- **EXERCISE DETAILS**
Copy exactly, and copy nothing else: the line that contains "How to style" and all lines after it in the listing, without pictures.

- **PROVIDED DATA**
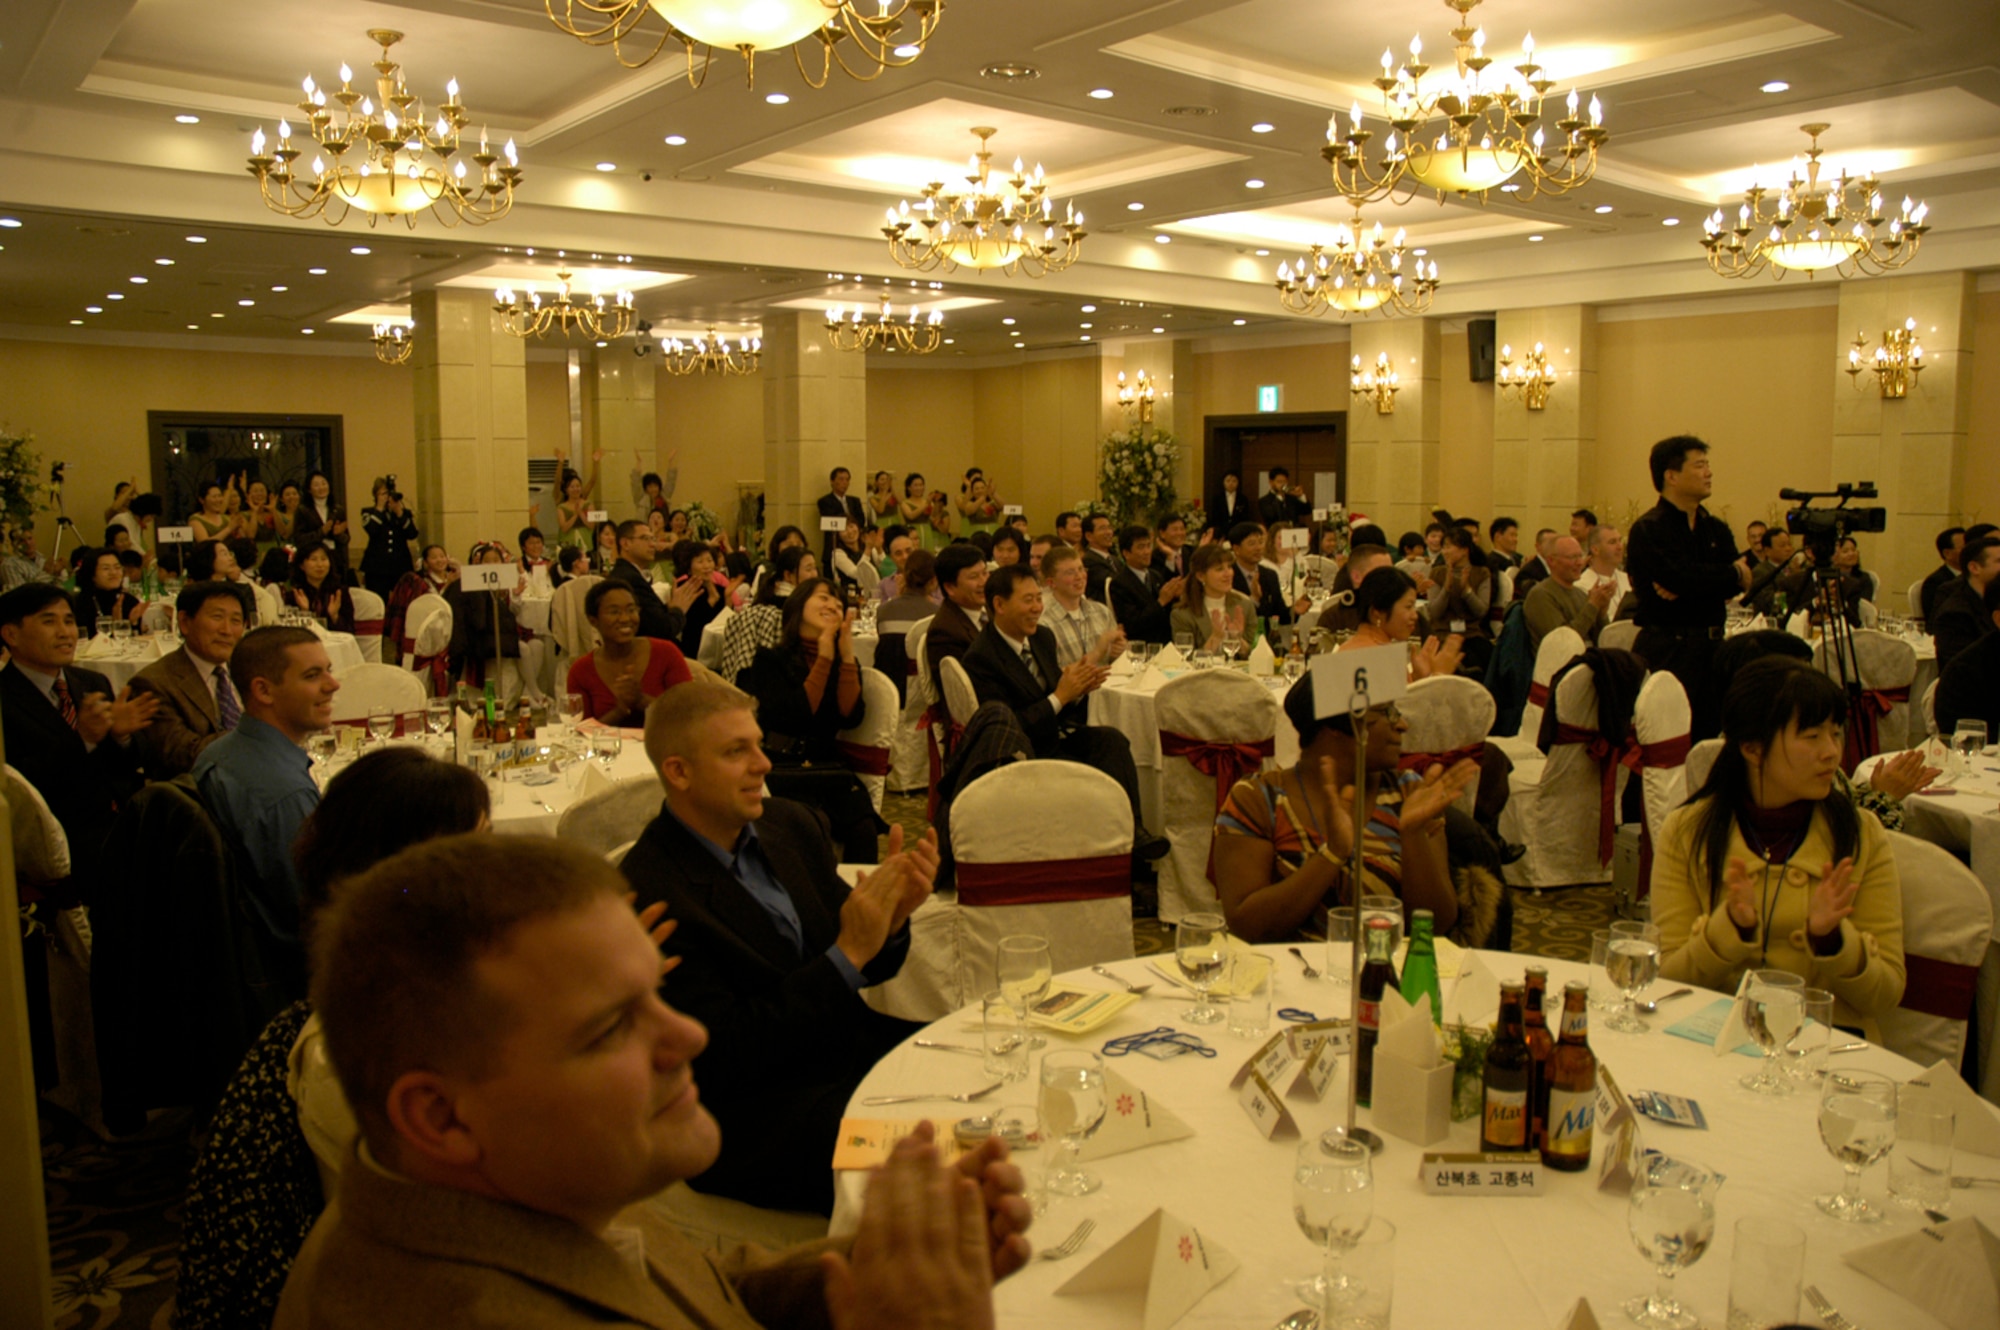 KUNSAN AIR BASE, South Korea -- Attendees at the Gunsan City Board of Education Friendship and Volunteer Appreciation dinner appluad for the Air Force Band of the Pacific after their performance Dec. 4. The Elmendorf Air Force Base, Alaska based band performed holiday music and jazz pieces at the event as part of their civic outreach and the base's Good Neighbor Program. (U.S. Air Force Photo/Master Sgt. Sean P. Houlihan)
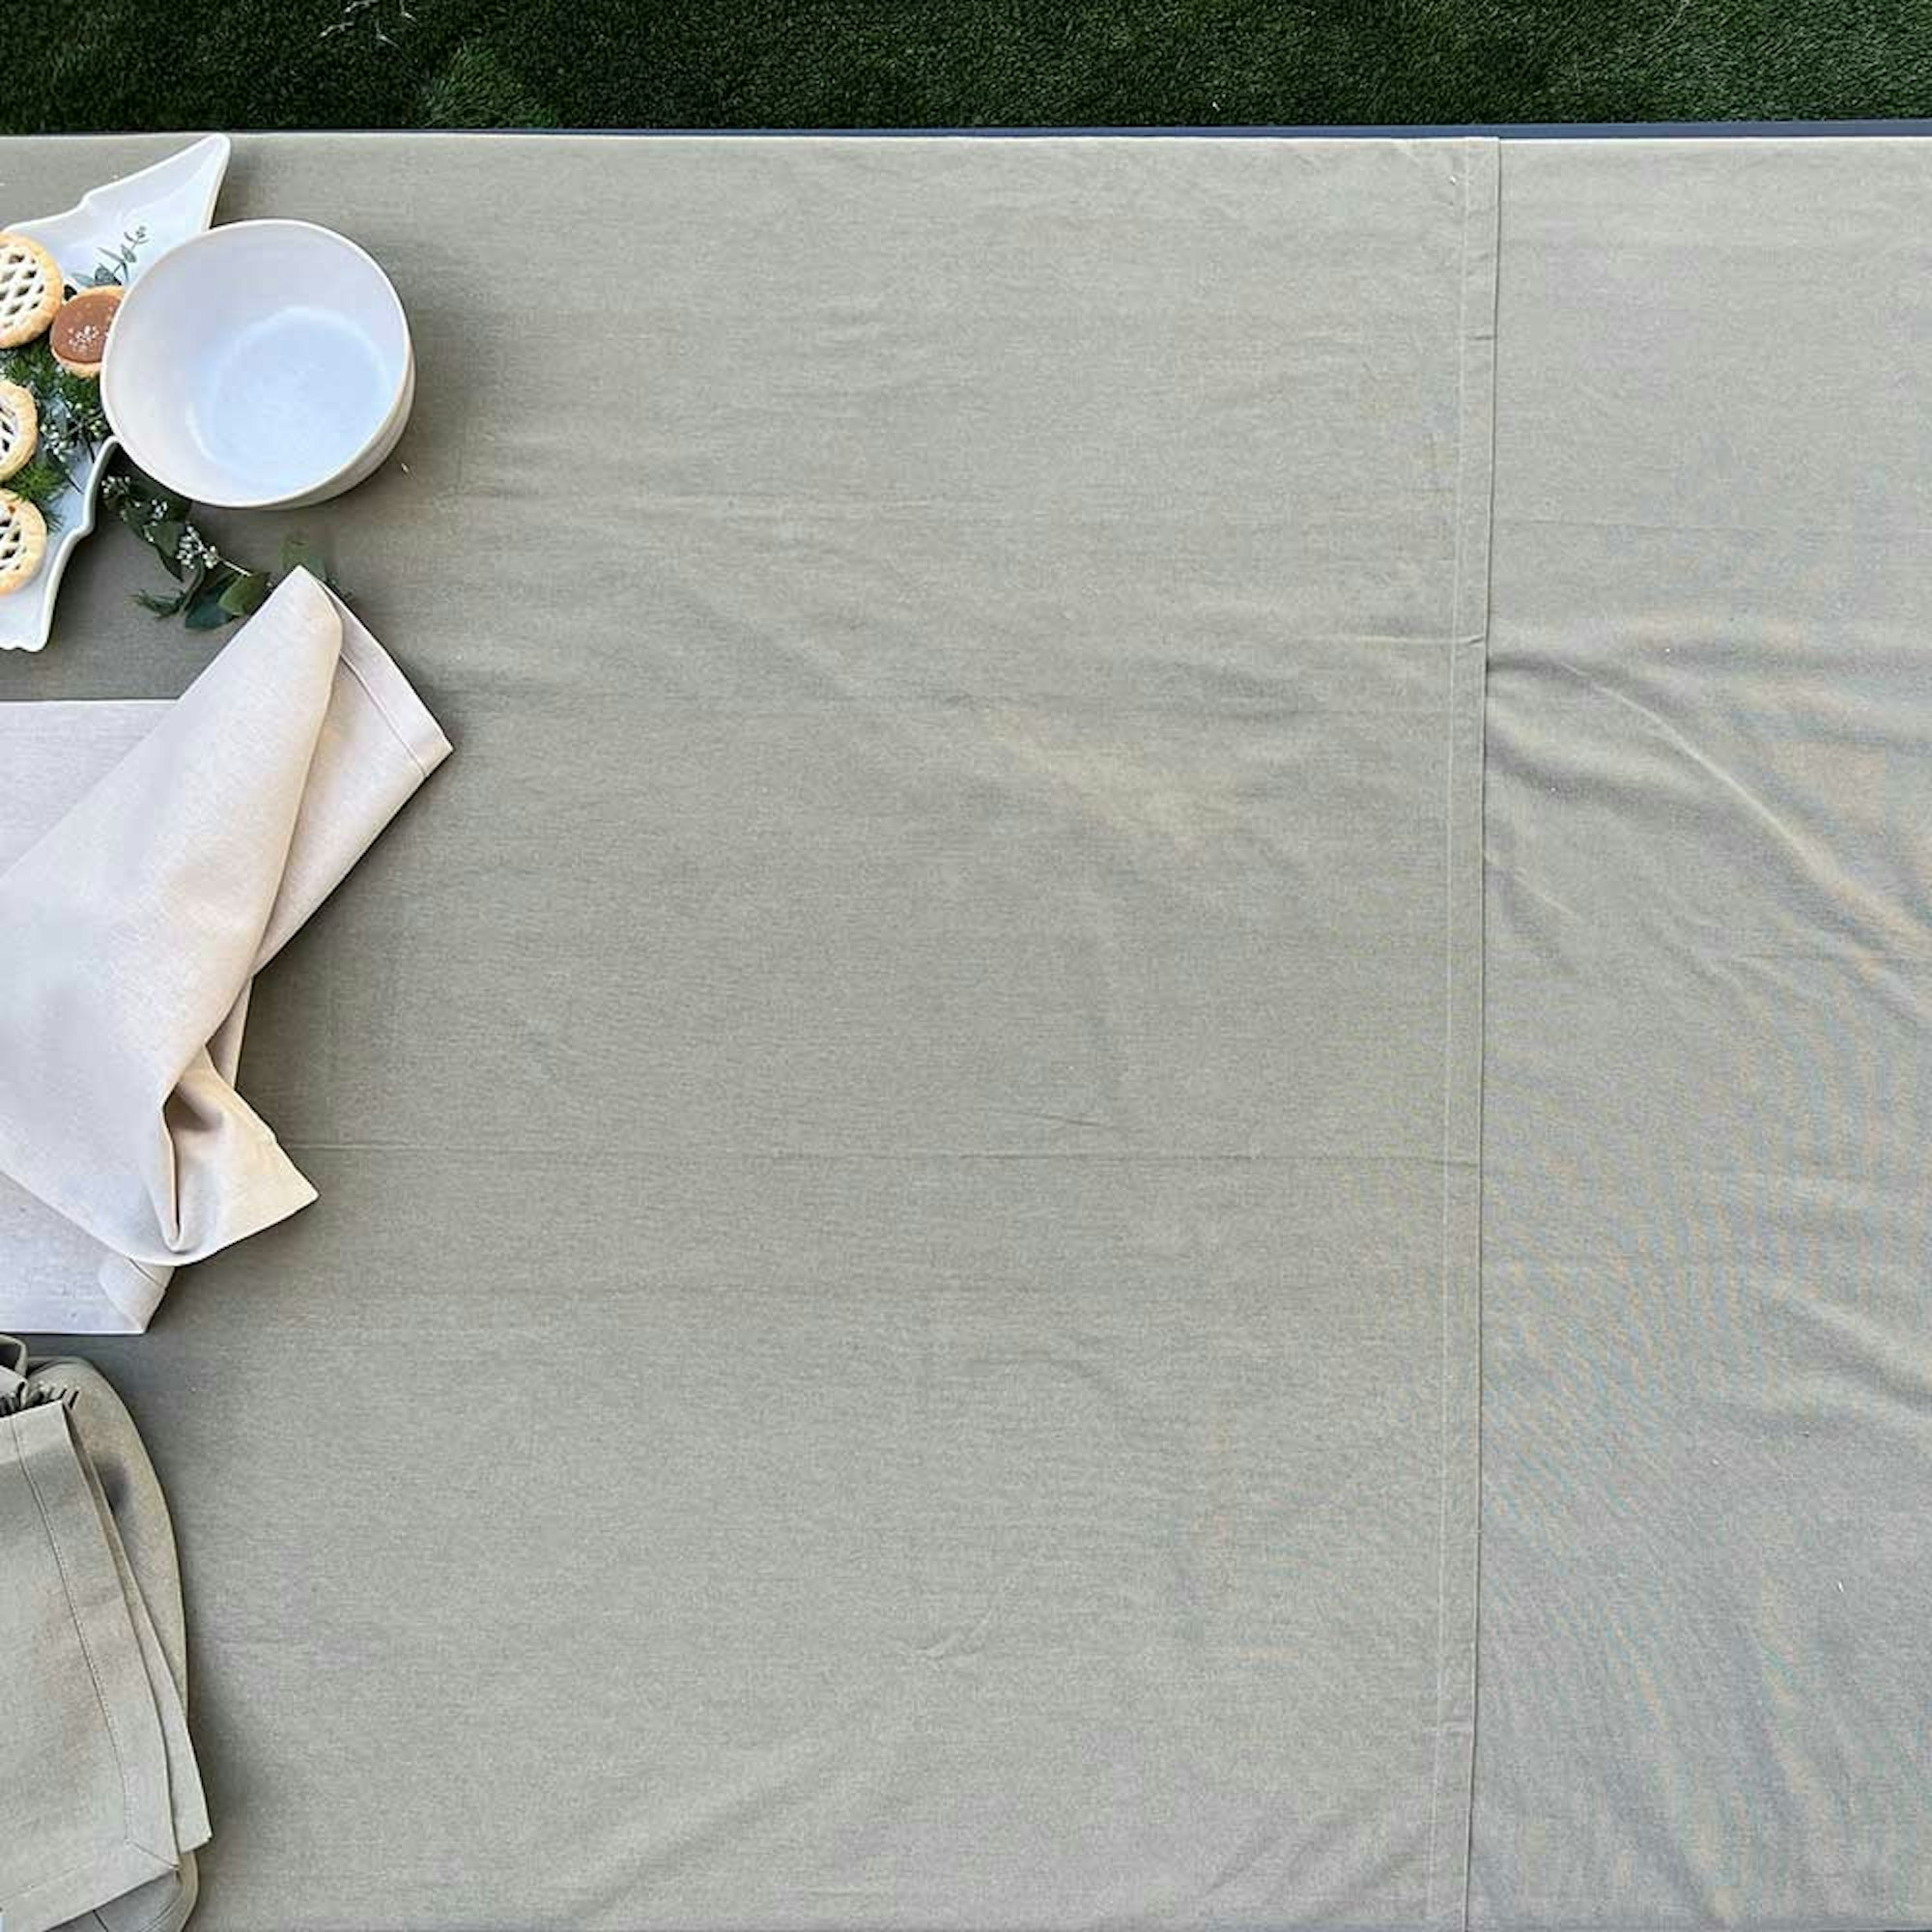 How to style a dining table for a dinner party. Step 1 preparing the table. Empty table with green table cloth.
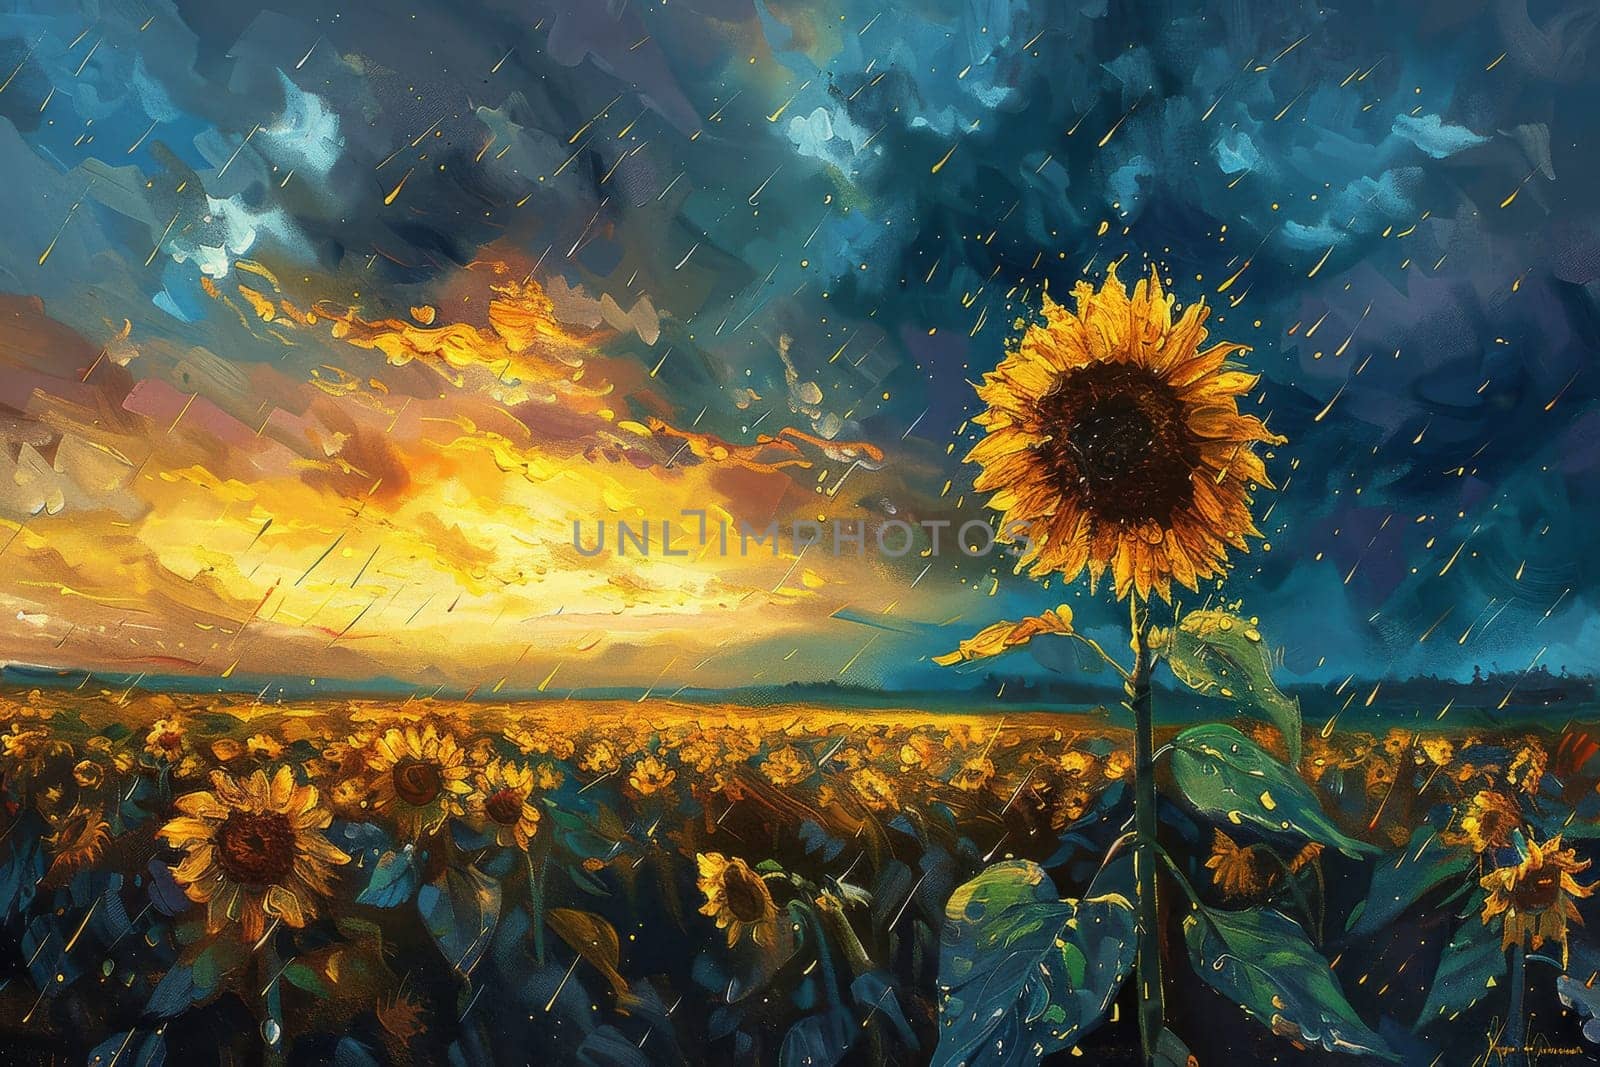 A painting of a field of sunflowers with a cloudy sky in the background. The painting conveys a sense of tranquility and beauty, as the sunflowers are the main focus

- **RESPONSE TO THE EXERCISE**
 How to style a dining table for a dinner party. Step 1 preparing the table. Empty table with green table cloth.
 A painting of a field of sunflowers with a cloudy sky in the background. The painting conveys a sense of tranquility and beauty, as the sunflowers are the main focus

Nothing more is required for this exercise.